> It would also give feedback to spammers allowing them to fine-tune their
> messages to avoid getting flagged.

What about feedback loops?  Don't those also fall into the category of
aiding the spammer?  But they are also a tool for legitimate mail server
administrators to combat spam on their network.

I like feedback loops.  The information I get back from these are immensely
helpful.  The only bone I have to pick is that too-big-to-fail email
service providers still tend to block our servers after we have received
ZERO messages back from the feedback loop.  Hard for us to know that their
users are signaling that messages from our servers are spam if we don't get
any feedback.

My approach to feedback loops is that if I receive a message from a
provider's feedback loop, then that recipient email address is immediately
blocked from receiving any mail from our server.  This may be harsh, but it
is what it is.  Whether the recipient explicitly tagged the message as spam
that triggered the FBL or if the recipient's mail server algorithm
determined the message was spam and triggered the FBL - I really don't
care.  If the recipient wants to dispute this, then they need to either
explain why they tagged the message as spam or they need to get an
explanation from their mail server's algorithm developer as to why the
message was determined to be spam - it's pretty simple to me.
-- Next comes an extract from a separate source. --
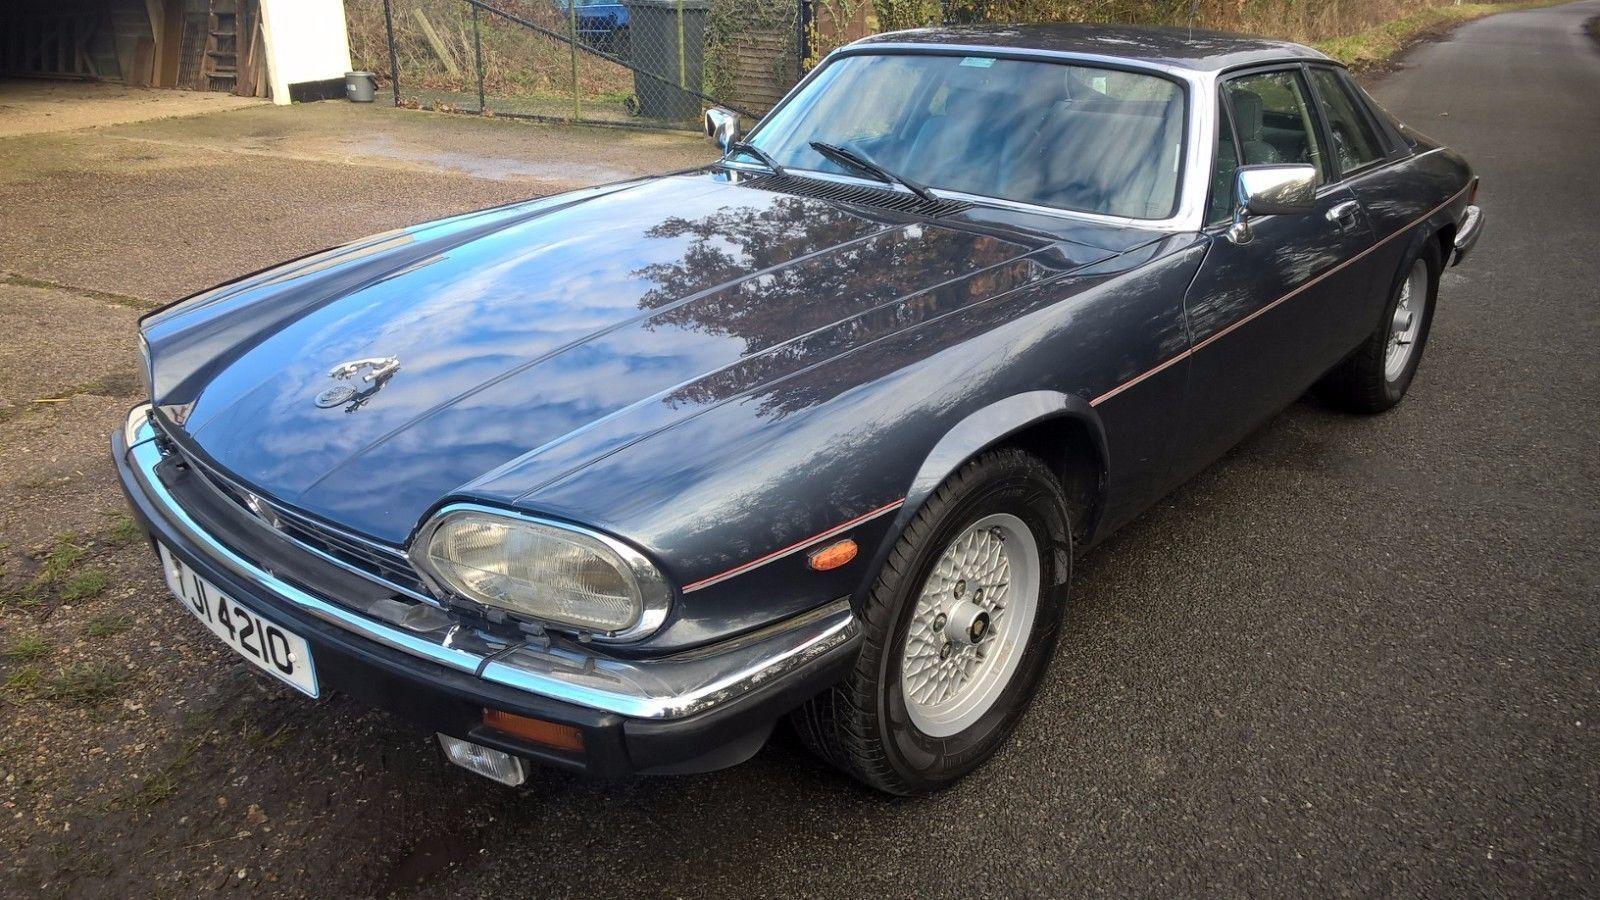 1987 Jaguar Xjs 5 3 V12 He Auto No Reserve Jaguar Jaguar Car Classic Cars

I do agree that a lot of the messages I get back from the feedback loops -
they're not obvious spam.  I don't know if the recipient signed up to
receive mail from a user on our server and then decided they no longer
wanted to receive the message so they flagged it as spam.  Or if the
algorithm just decided that after 5 years of receiving similar message THIS
particular message is spam.  Either way, I don't care, that recipient gets
blocked from receiving any mail from our server.  I don't have the time or
the fortitude to coddle every recipient and every sender with "are you sure
you meant to tag this message as spam?" - they're never going to respond to
such messages, I block them and if that pisses them off... well it pisses
me off every time I have to deal with an overzealous too-big-to-fail email
service provider blocking our servers for no apparent reason.

As far as I know, Google does not have an FBL service, so there's no way to
get this level of information from Google.